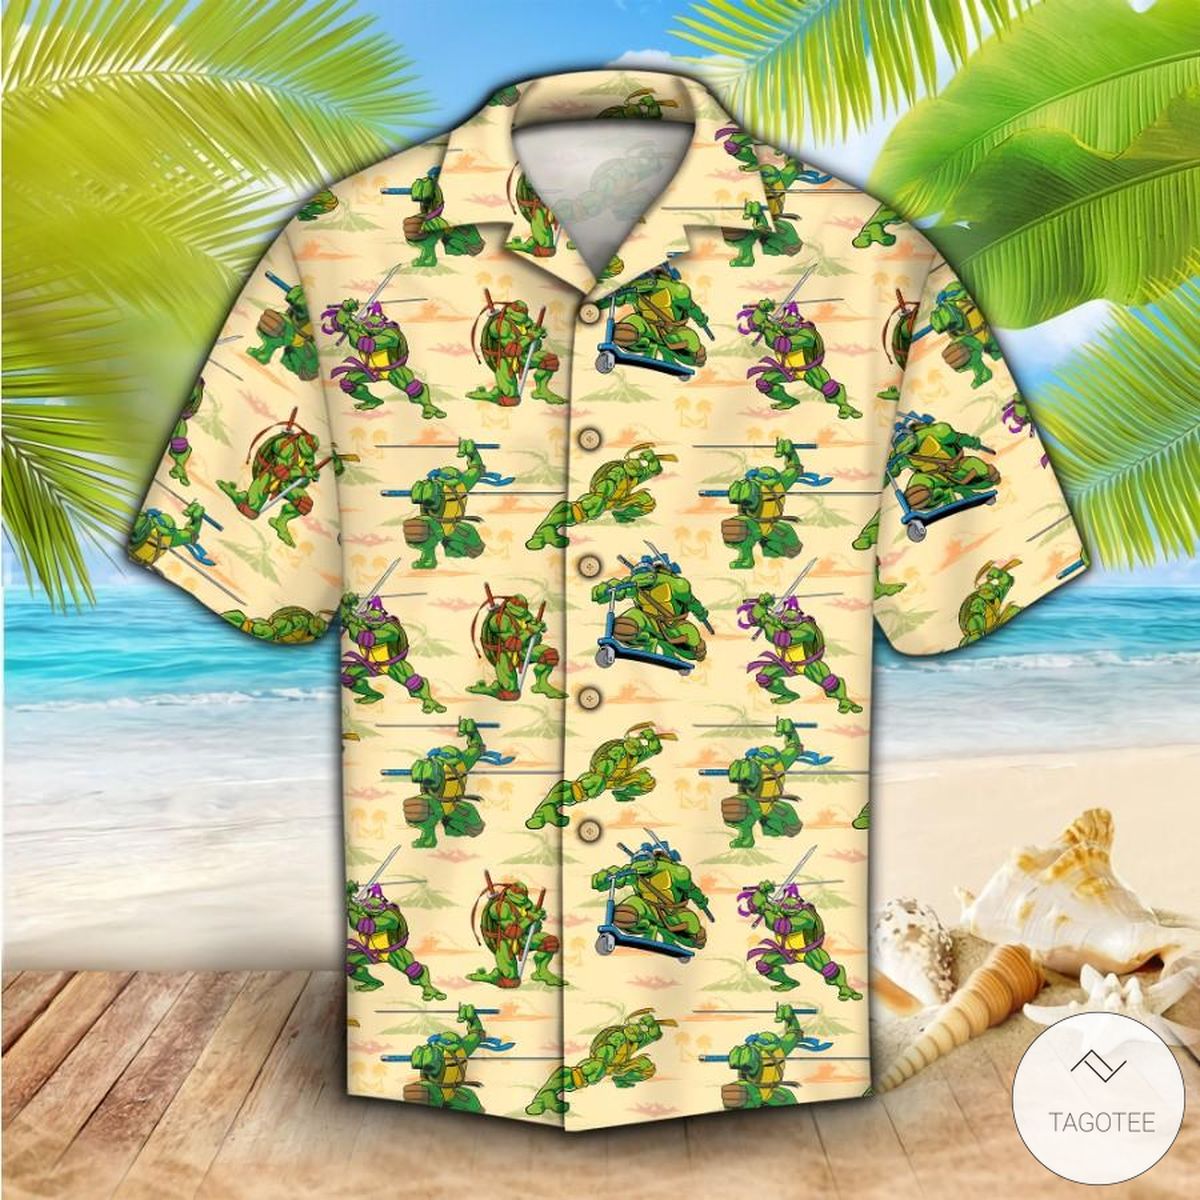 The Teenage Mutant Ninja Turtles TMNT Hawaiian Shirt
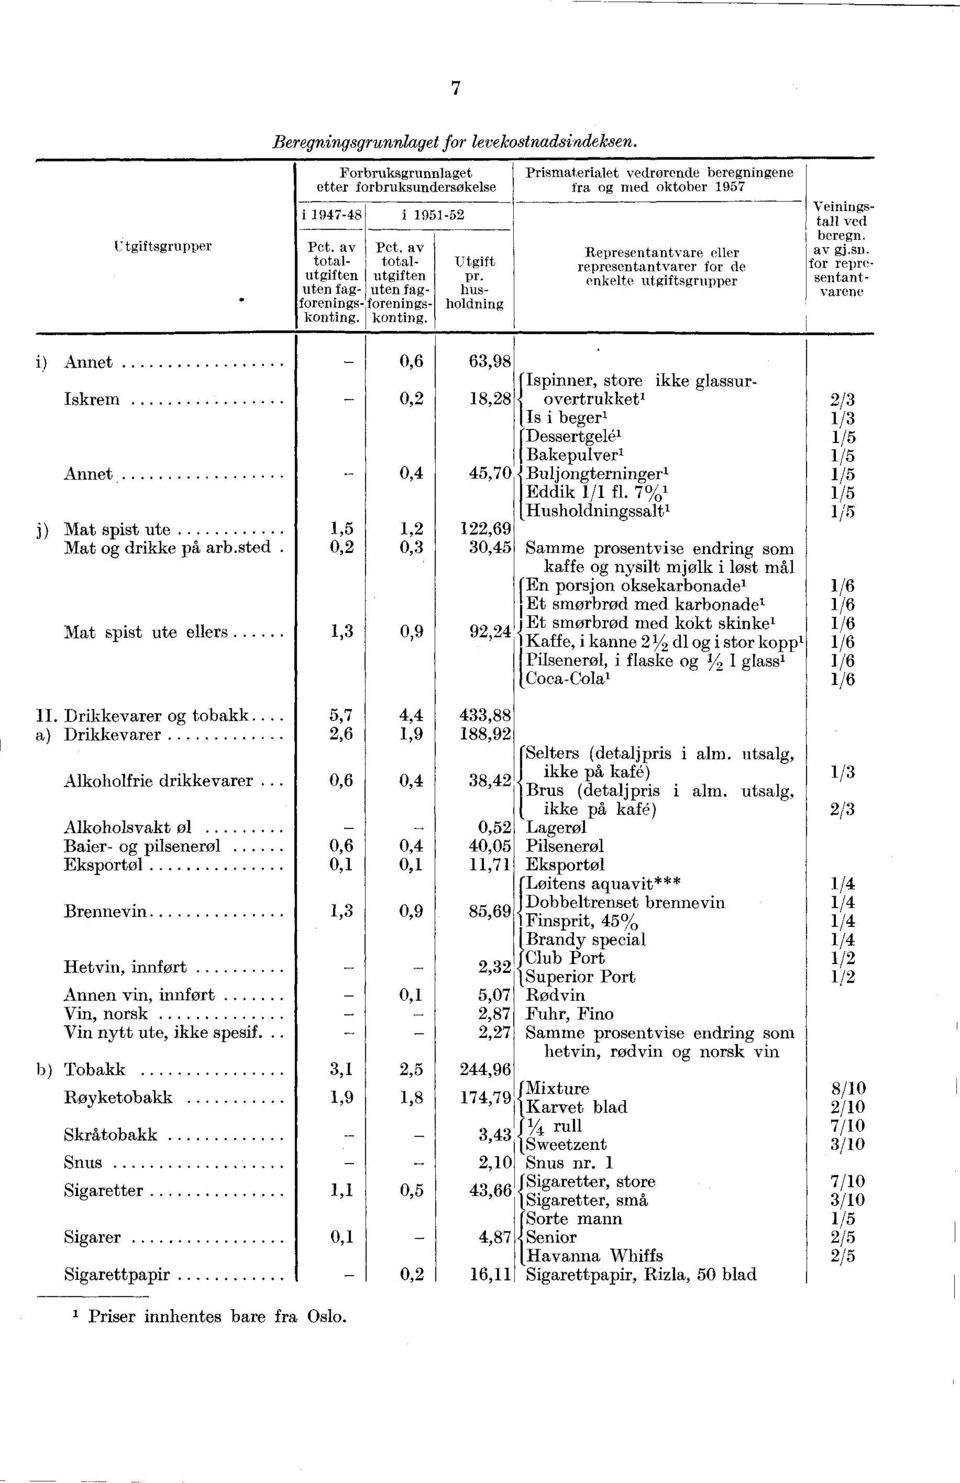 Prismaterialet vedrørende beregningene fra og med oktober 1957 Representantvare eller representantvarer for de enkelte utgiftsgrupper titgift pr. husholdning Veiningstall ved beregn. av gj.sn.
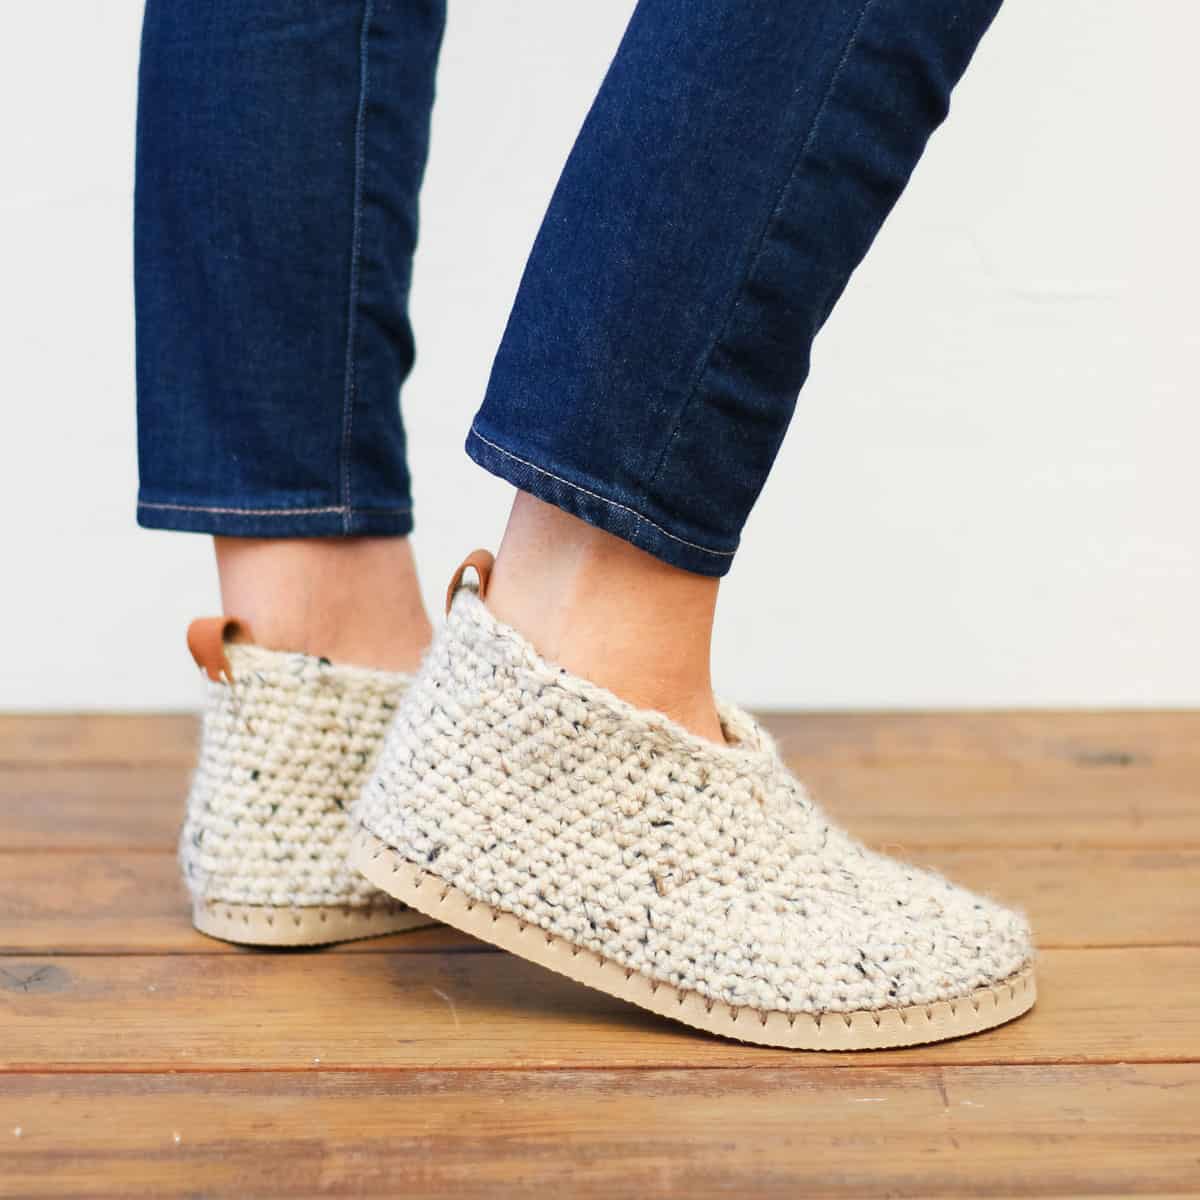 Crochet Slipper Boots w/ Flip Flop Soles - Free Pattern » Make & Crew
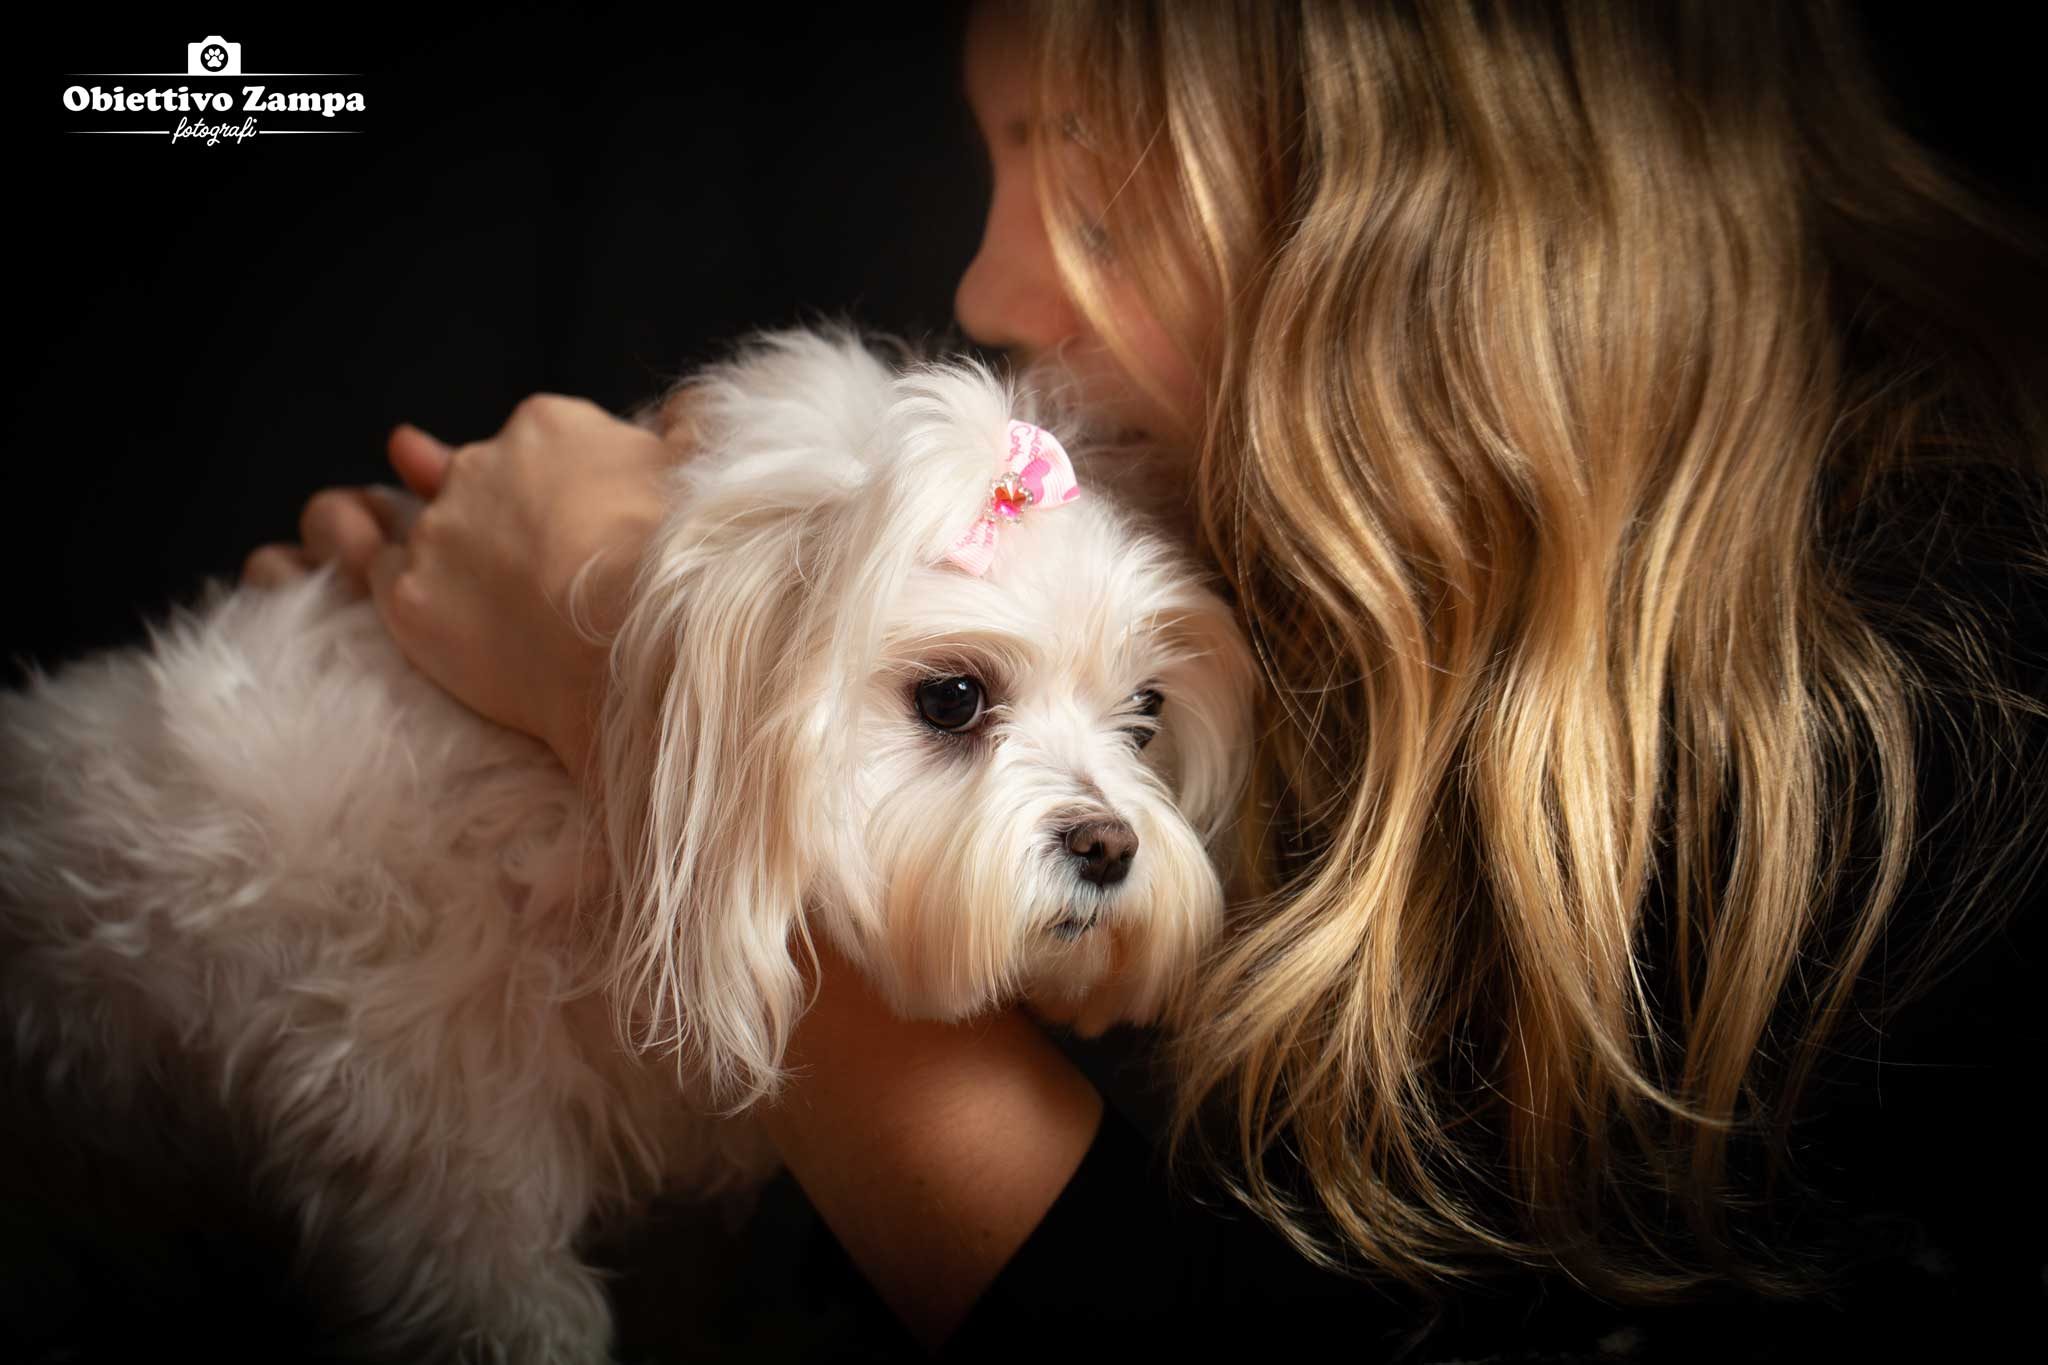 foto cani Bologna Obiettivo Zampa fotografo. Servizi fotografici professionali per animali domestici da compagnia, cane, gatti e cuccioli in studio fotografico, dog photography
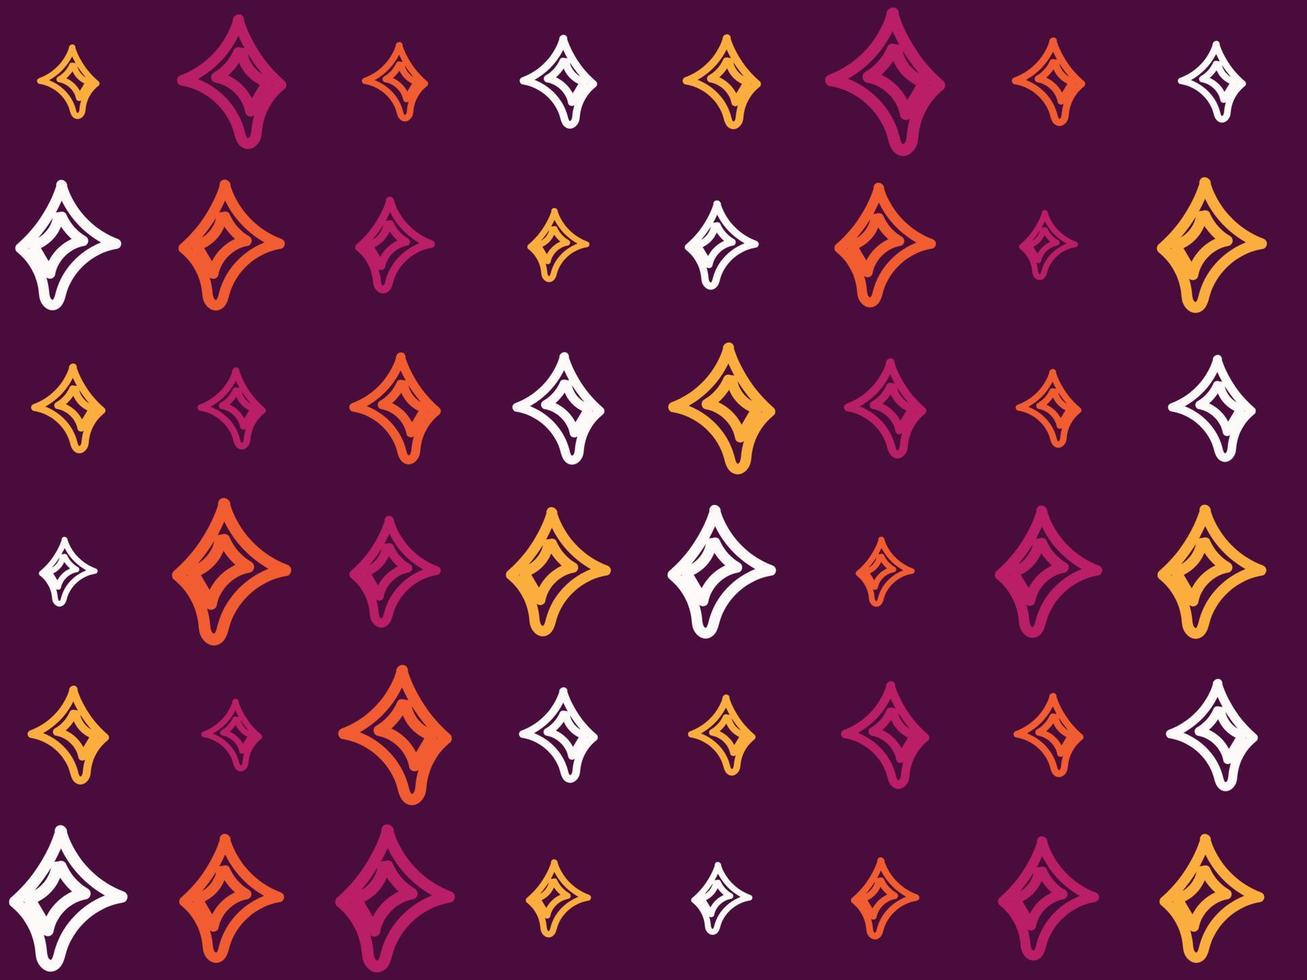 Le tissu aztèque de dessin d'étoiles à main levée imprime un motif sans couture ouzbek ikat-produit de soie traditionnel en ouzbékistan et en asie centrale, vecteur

::::

About this exercise. Restate word for word the lines of the data above that begin at the line with "Prismaterialet vedrørende beregningene" and end at the line with "foto cani Bologna", keeping both ends and dropping every picture.

Solved exercise.
 Prismaterialet vedrørende beregningene fra og med oktober 1957 Representantvare eller representantvarer for de enkelte utgiftsgrupper titgift pr. husholdning Veiningstall ved beregn. av gj.sn.
 Crochet Slipper Boots w/ Flip Flop Soles - Free Pattern » Make & Crew
 foto cani Bologna Obiettivo Zampa fotografo. Servizi fotografici professionali per animali domestici da compagnia, cane, gatti e cuccioli in studio fotografico, dog photography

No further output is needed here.